Wednesday, January 27, 2010

hot air

i love hot air balloons.
i wish i could ride in one..
& this shirt is neat...

Tuesday, January 26, 2010

regular tuesday.


" Even after all this time
the sun never says to the
earth 'You Owe Me.'
Look what happens with
a love like that, It lights
the whole sky."-Hafiz

Monday, January 25, 2010

us.

chris
tmas 20
09.
[this
picture is a
little late in posting]


















love is
difficult but it's real & it's ours.
living together hanging out together
having the same friends. when everyone leaves
& it's just us... i love it.

Sunday, January 24, 2010

yumm












I am going to make some monkey bread and
hot & sweet drumsticks, sometime this week.

Friday, January 22, 2010

good day


"Lightbulb hanging over my head
I hope you're never gunna go out
Never go out

Blue skies hanging over my head
I hope you're never gunna go down
Never go down "

Wednesday, January 20, 2010

cupcables.


Good Morning World.

Monday, January 18, 2010

simple

i like this.
the fabric is chiffon
i think i would like to own more chiffon tops&perhaps dresses....

too bad it's $107.99
so not worth it.

[but i do think this would look nice on me]

a beautiful mess

"all that is gold does not glitter, not all those who wander are lost" jrr tolkien

there are so many things in this world i wish to do.
there is one thing holding me back from focusing on me&my list...
that's one thing is school.i know everyone says that but it's really true.


1. I would love to own a kitchen-aid mixer and take an entire year to make the most wonderful things. to go along with this i think i need a bigger kitchen with proper storage, our kitchen now is set up weird.


2. I am really excited to graduate college because the next day i am going to go buy this to learn French. it's a beautiful language& i have wanted to learn for years but don't want to burn out on learning french on top of classes.

3. This is a long term future want. when bradley and i live somewhere warmer year round and have a place to keep it. i am so excited about this one.


4. Learning to sew and hem and make beautiful things.
for when i have time someday.

5. way future... an english bull dog. a fat lazy dog will counter act bora's energy.



6. I want to travel to exotic places with bradley. some where warm.
maybe a cruise. a new city to explore.



there are more but i'll end with this for now.
these things aren't in any order except for the way they came to mind.

Friday, January 15, 2010

hidden treasures





If i were a SECRET AGENT i would own this book.
and keep secret things in it and keep it with me at all times
no one would find out what it is.
everyone would assume i love to read big novels.

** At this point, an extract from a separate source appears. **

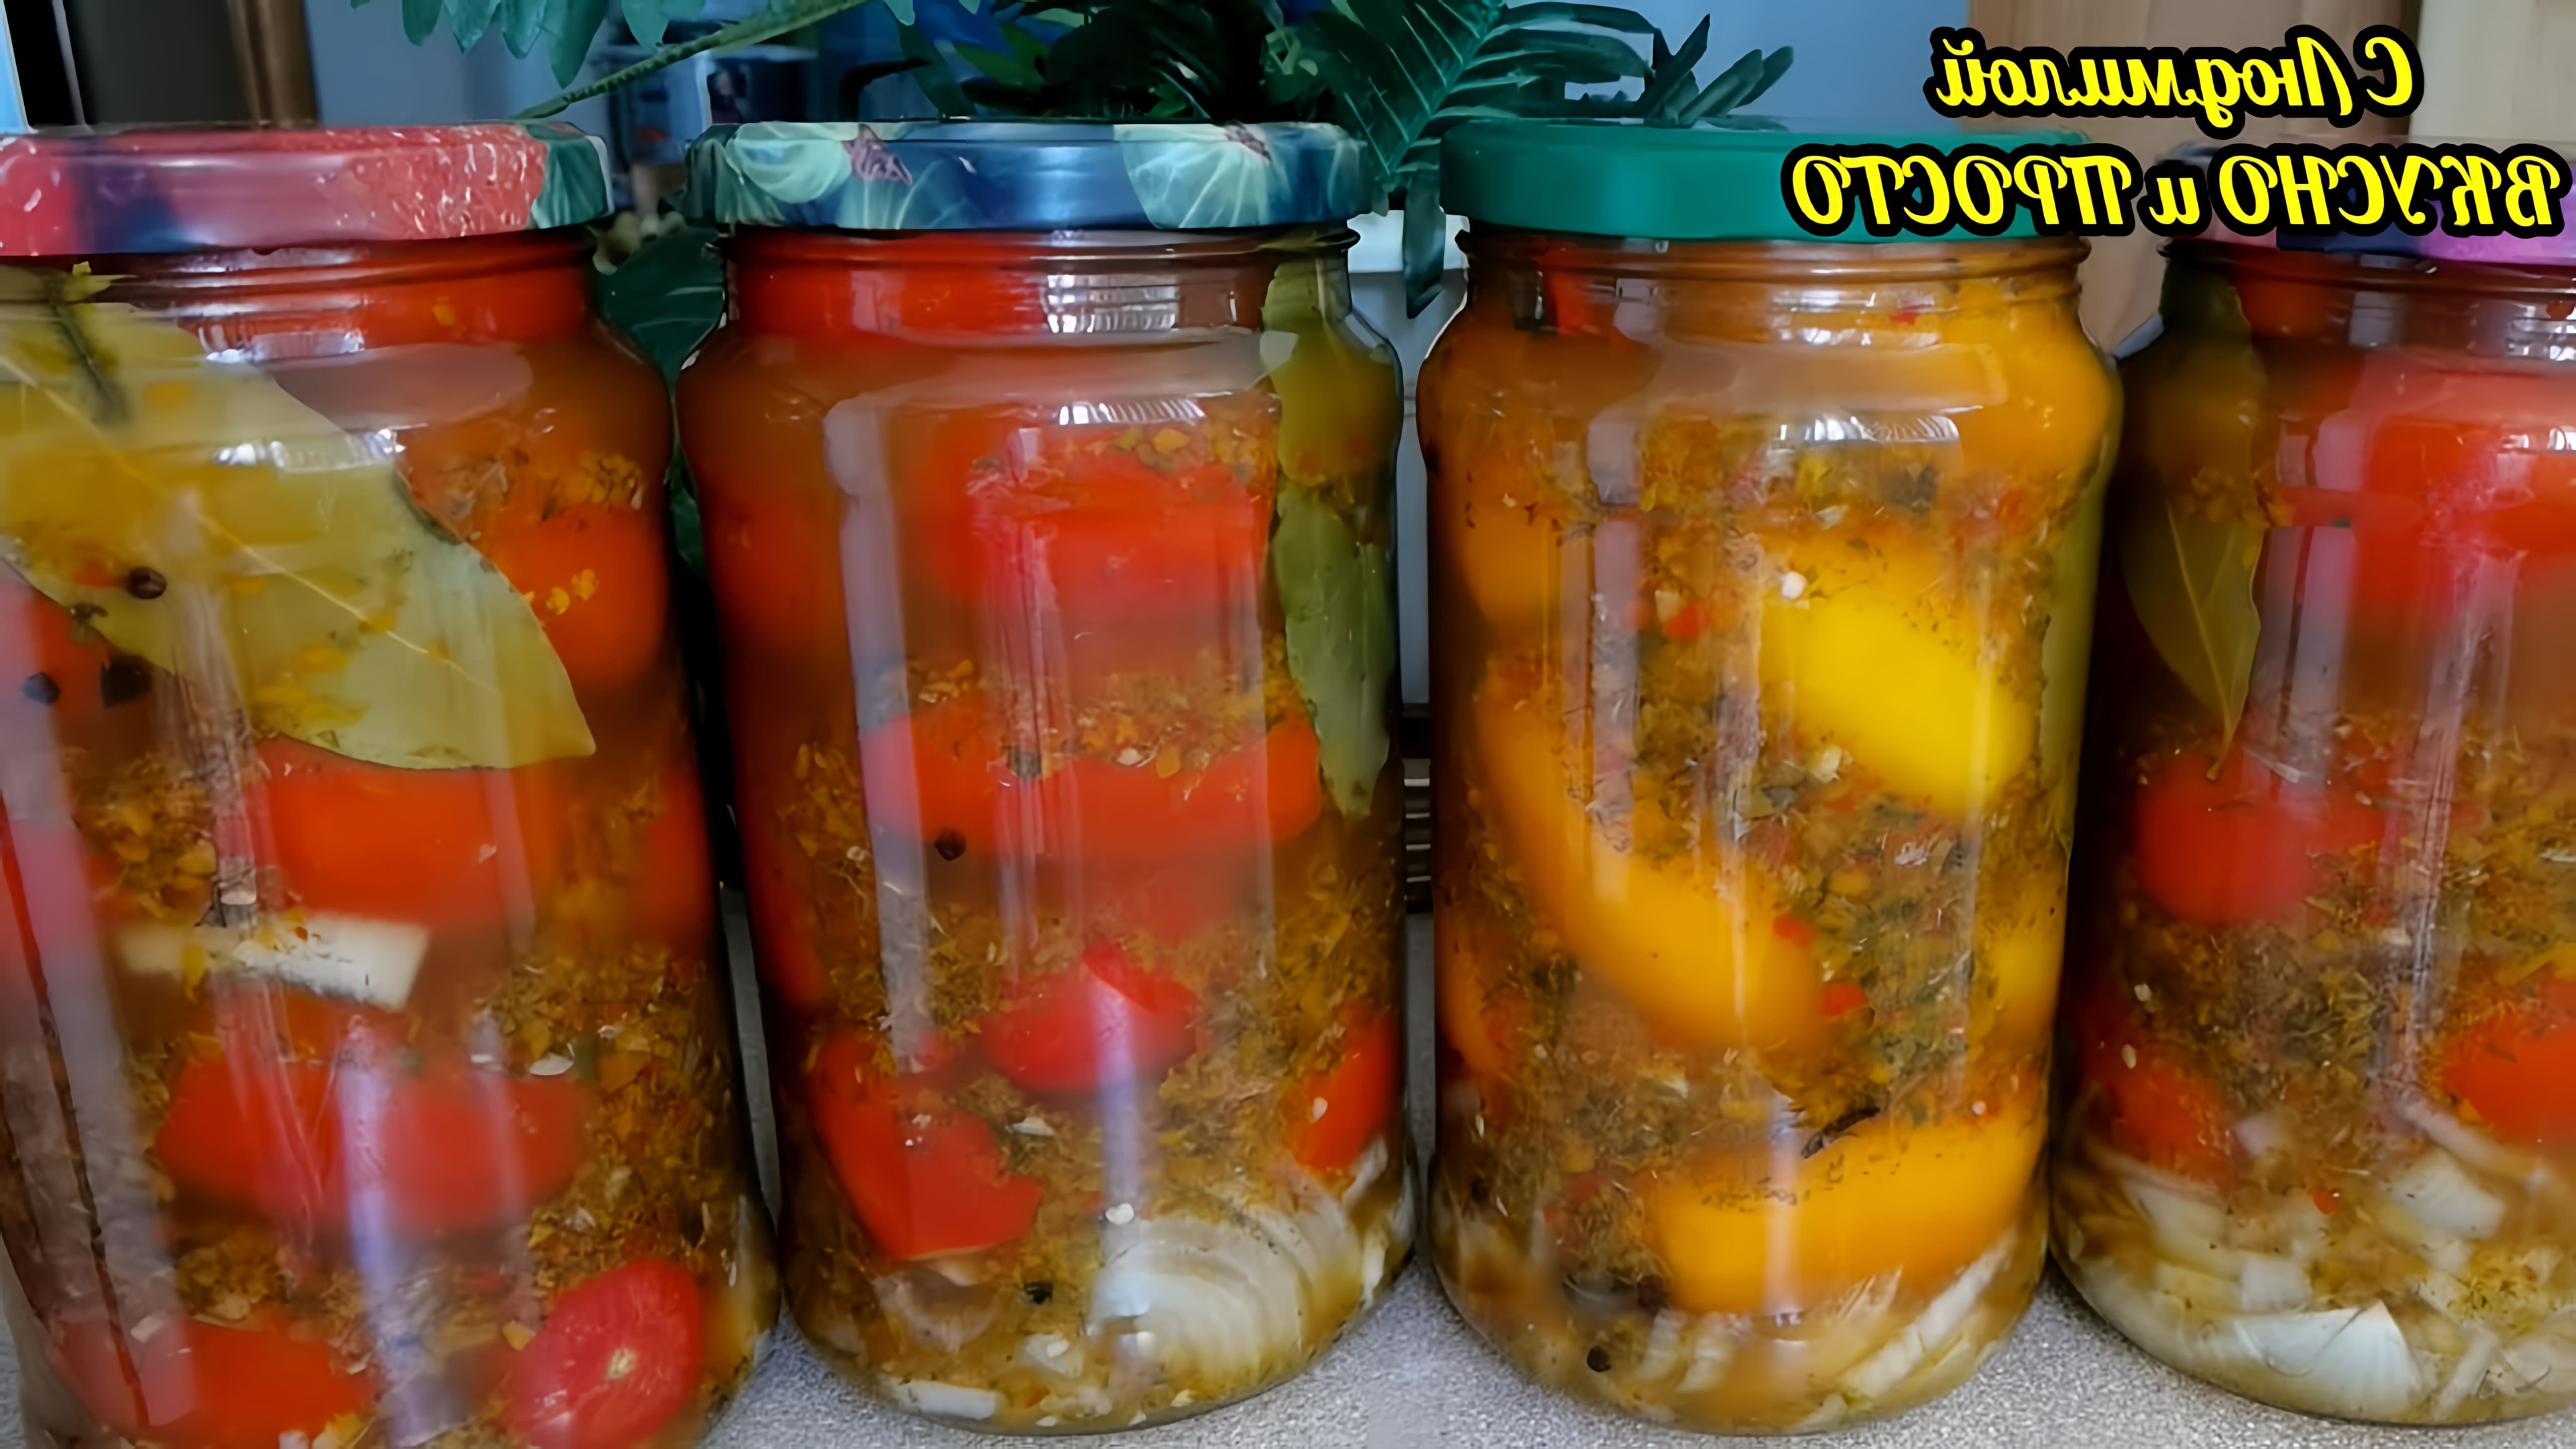 Видео рецепт маринованных помидоров на армянском, который очень популярен и запрашивается теми, кто его пробовал

Thursday, January 14, 2010

sidewalk chalk.









I came across this picture
&
I think it's awesome

Wednesday, January 13, 2010

anonymous existence



The thought of nothingness is a weird one.
Put's a pit in my stomach. It's hard to understand why my brain is allowed to wrap it's self around the thought of non-existence.

I would rather think of the world and the people in it anonymously going about their lives living in a world they can make theirs. Having the opportunity to achieve what they dream and live in a wonderland.

Sunday, January 10, 2010

perfect imperfection


a hard thing to do is take a semester off of school.
i can't take any but one class. it wouldn't be worth the money
to pick up electives when i already have enough.
fall seems far away.

having a few semesters left wrenches my heart.
i just want to be done and have my BSW and get my LSW.
i want to move away and not hold us back and keep us in indy.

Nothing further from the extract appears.